• _The data_:

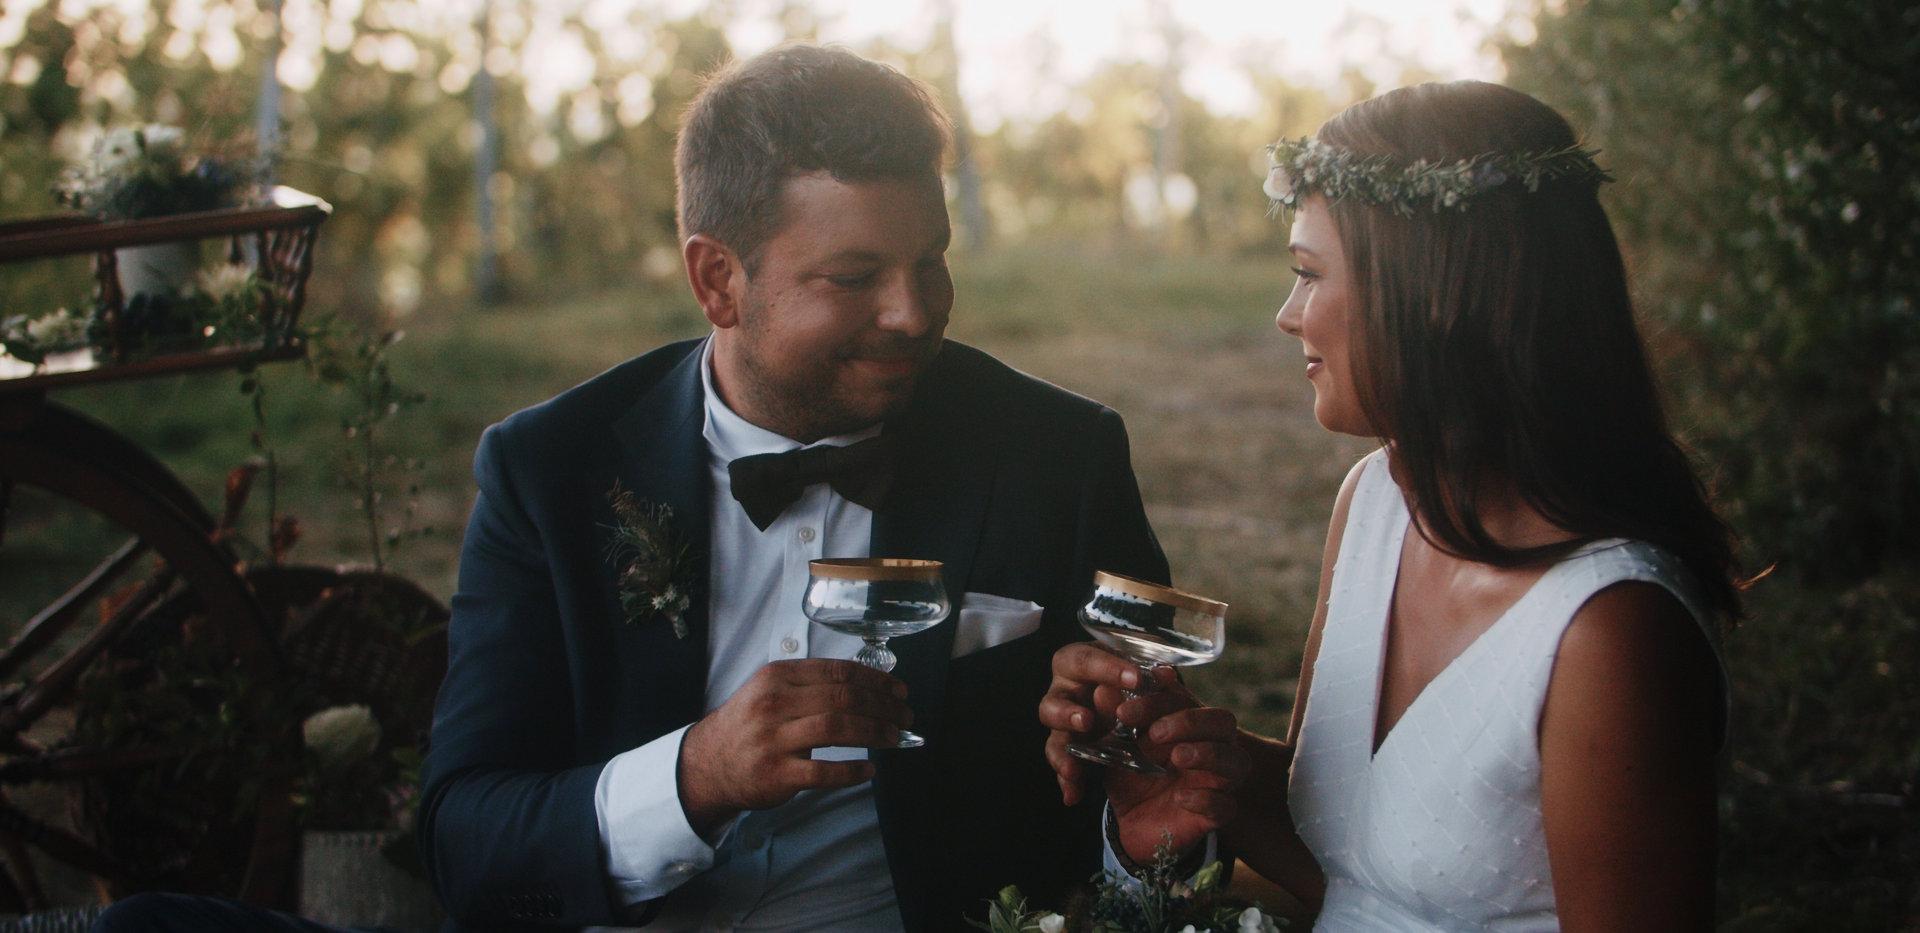 weddinghackgebell_7.9.1.jpg
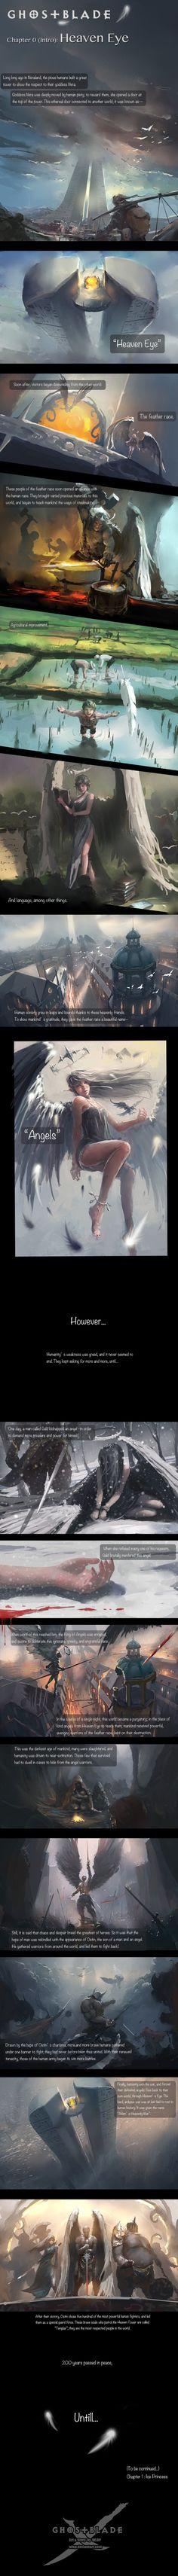 GhostBlade - Chapter 0 (Intro) : Heaven Eye by wlop.deviantart.com on @deviantART
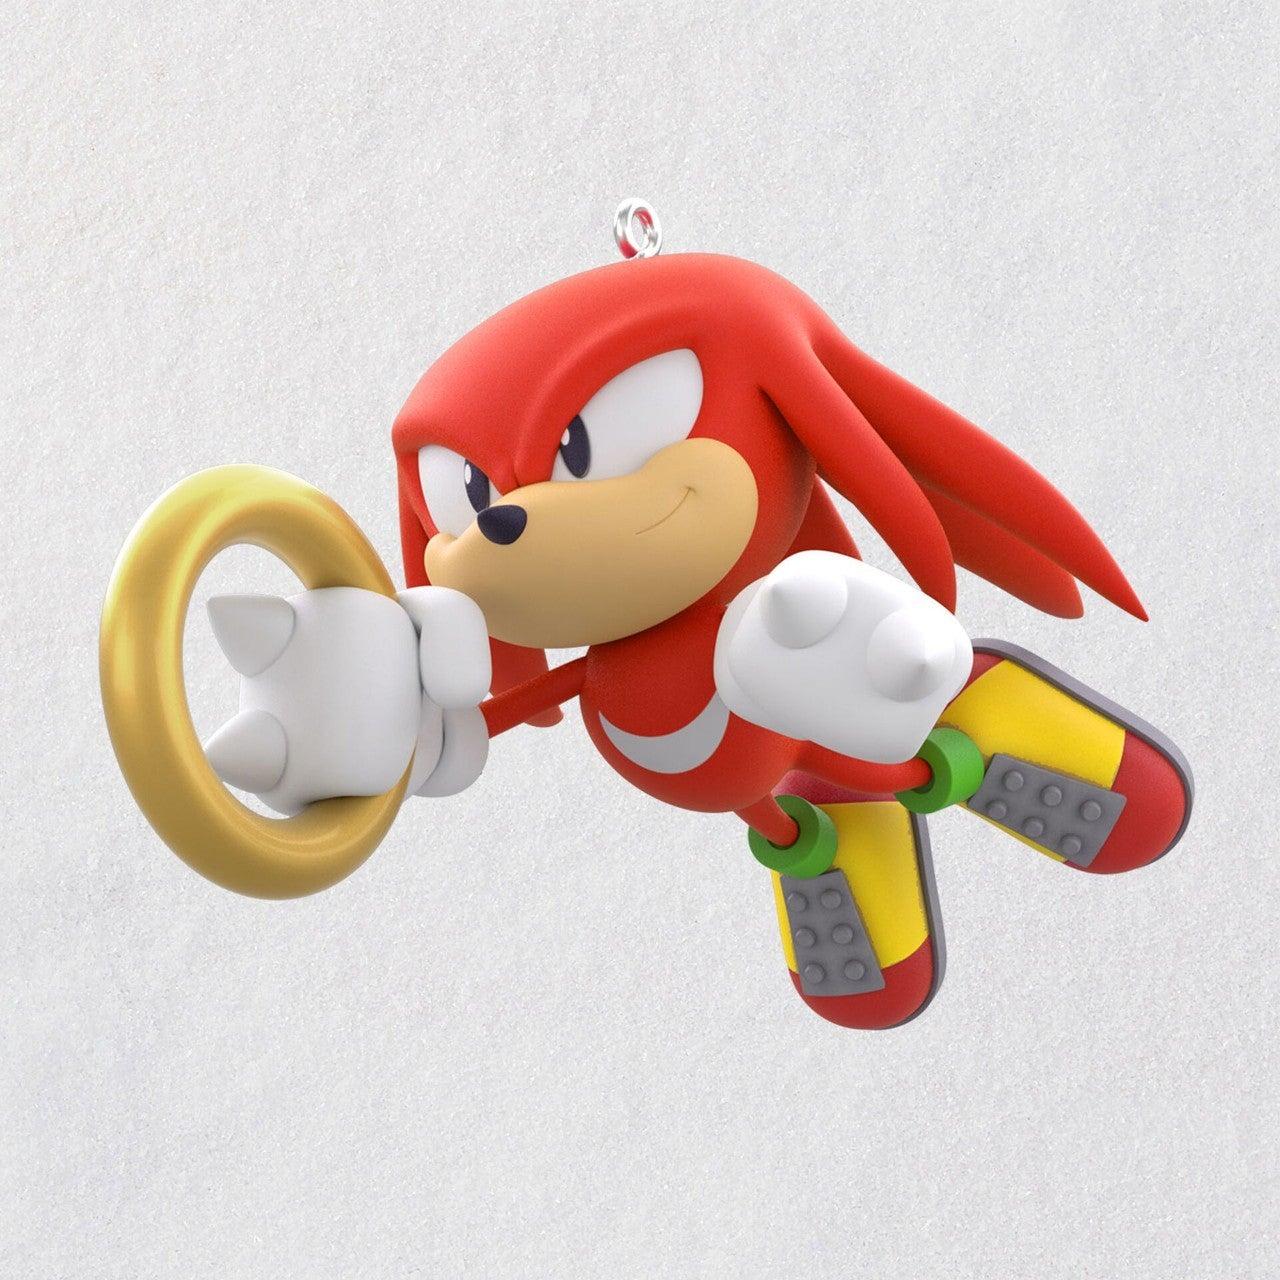 Sonic-the-Hedgehog-Knuckles-Andenken-Ornament_1799QXE3262_01

• _Task item_: Images should not appear in the copy; retype the listing above exactly.

• _Result_:
 weddinghackgebell_7.9.1.jpg
 GhostBlade - Chapter 0 (Intro) : Heaven Eye by wlop.deviantart.com on @deviantART
 Sonic-the-Hedgehog-Knuckles-Andenken-Ornament_1799QXE3262_01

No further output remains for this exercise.